As of today through Friday, May 17, Westbound Mercer Street (and Broad Street) will narrow to a single lane from Westlake Avenue North to Harrison Street. Tomorrow, Friday, eastbound Mercer will be a single lane from just west of Dexter and 9th from about 8 a.m. to 4 p.m. For the next three weeks, northbound 9th Avenue North, from just south of Aloha to 8th, will have a single northbound lane.

Then, the weekend of May 17 to 20, SR 99 will close between Valley Street and the southern end of the Battery Street Tunnel, while Mercer Street will be fully closed to traffic between Fifth Avenue North and Dexter Avenue North. SR 99 traffic will be directed to I-5 at the bottleneck, so expect slow going there, while Mercer traffic will detour over to Denny from 5th to Dexter, and back to Mercer.

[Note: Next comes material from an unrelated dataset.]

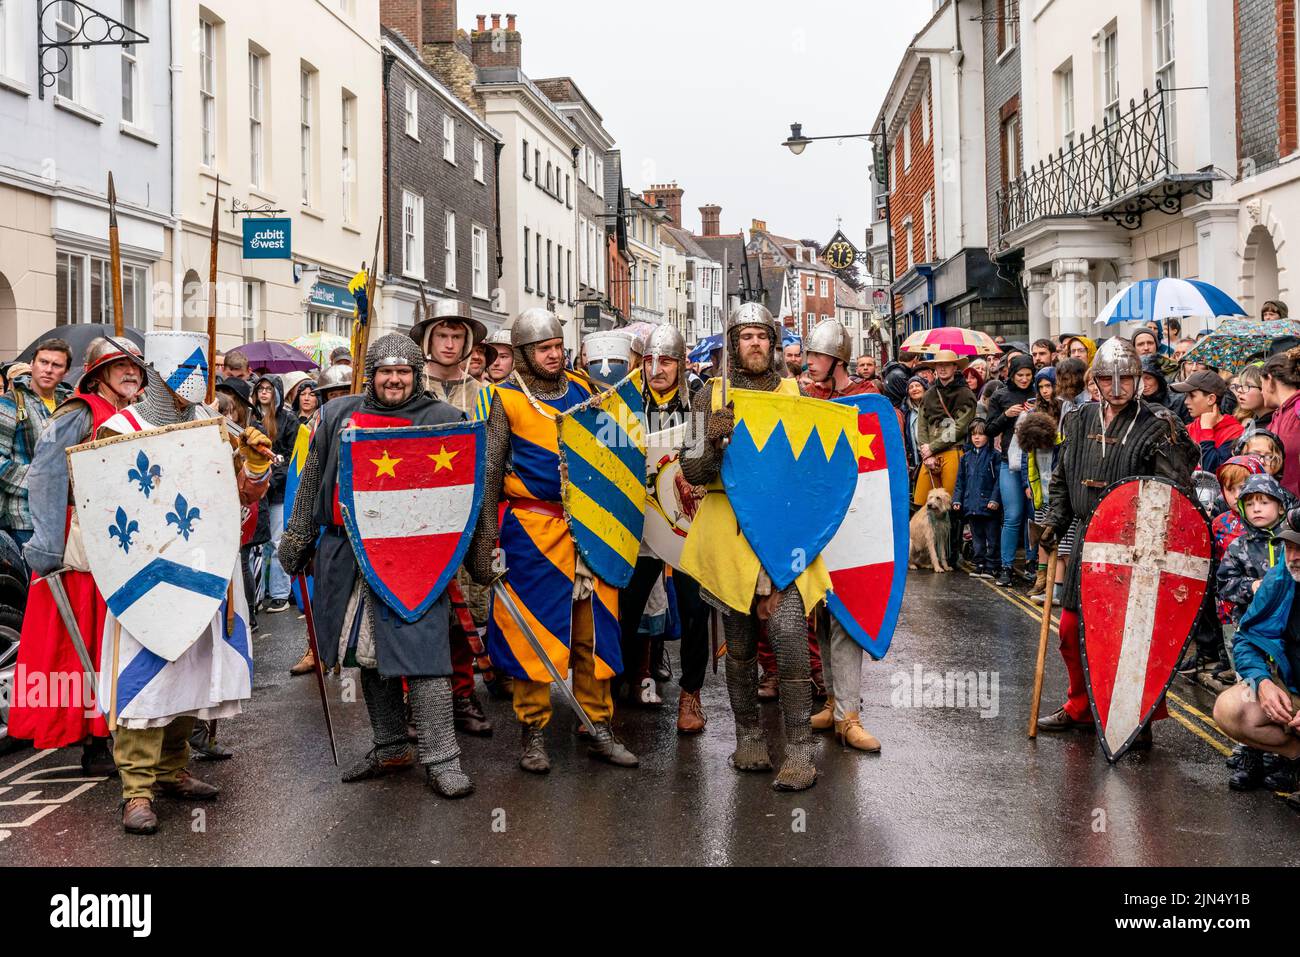 Les hommes en costume médiéval se préparent à prendre part à l'événement de reconstitution de la bataille de Lewes, à Lewes, dans l'est du Sussex, au Royaume-Uni Banque D'Images

The weekend closure is to help SDOT prepare for the demolition of  the eastern half of the SR 99 bridge over Mercer; once that’s out of the way, crews can work on widening Mercer between 5th and Dexter, to allow two-way traffic. That part of the Mercer Corridor project is expected to take until mid-2015. After the weekend closure, says SDOT:

  • Mercer Street will be reduced to two eastbound lanes between Fourth Avenue N and Ninth Avenue N.
  • SR 99 traffic will be shifted to the west side of the roadway between Valley and Harrison streets. Two lanes will remain open in each direction.
  • The northbound SR 99 off-ramp to Mercer Street will be permanently closed. A new signalized intersection at Republican Street and Dexter Avenue N will be available for northbound SR 99 traffic to reach South Lake Union.
  • Local access to Taylor Avenue N via Mercer Street will be maintained.
  • Sidewalks on Mercer Street will be impacted during this work. The sidewalk on the north side of Mercer Street will be closed between Fifth Avenue N and Dexter Avenue N. The sidewalk on the south side will remain open to pedestrian traffic.

To help with congestion, Broad Street will reopen to eastbound traffic, and traffic southbound on 5th will be able to turn left onto Harrison to get to eastbound Broad Street.

When finished, motorists will be able to take the Mercer Street exit from I-5 and drive directly to Seattle Center, which should be an improvement. (You could already drive eastbound from the Center to I-5 on Mercer, so that won’t change much.) Equally important, as South Lake Union develops, is the transformation of Mercer on behalf of pedestrians and bicyclists. Its earlier incarnation hadn’t much room for either, especially where Mercer ducked beneath SR 99.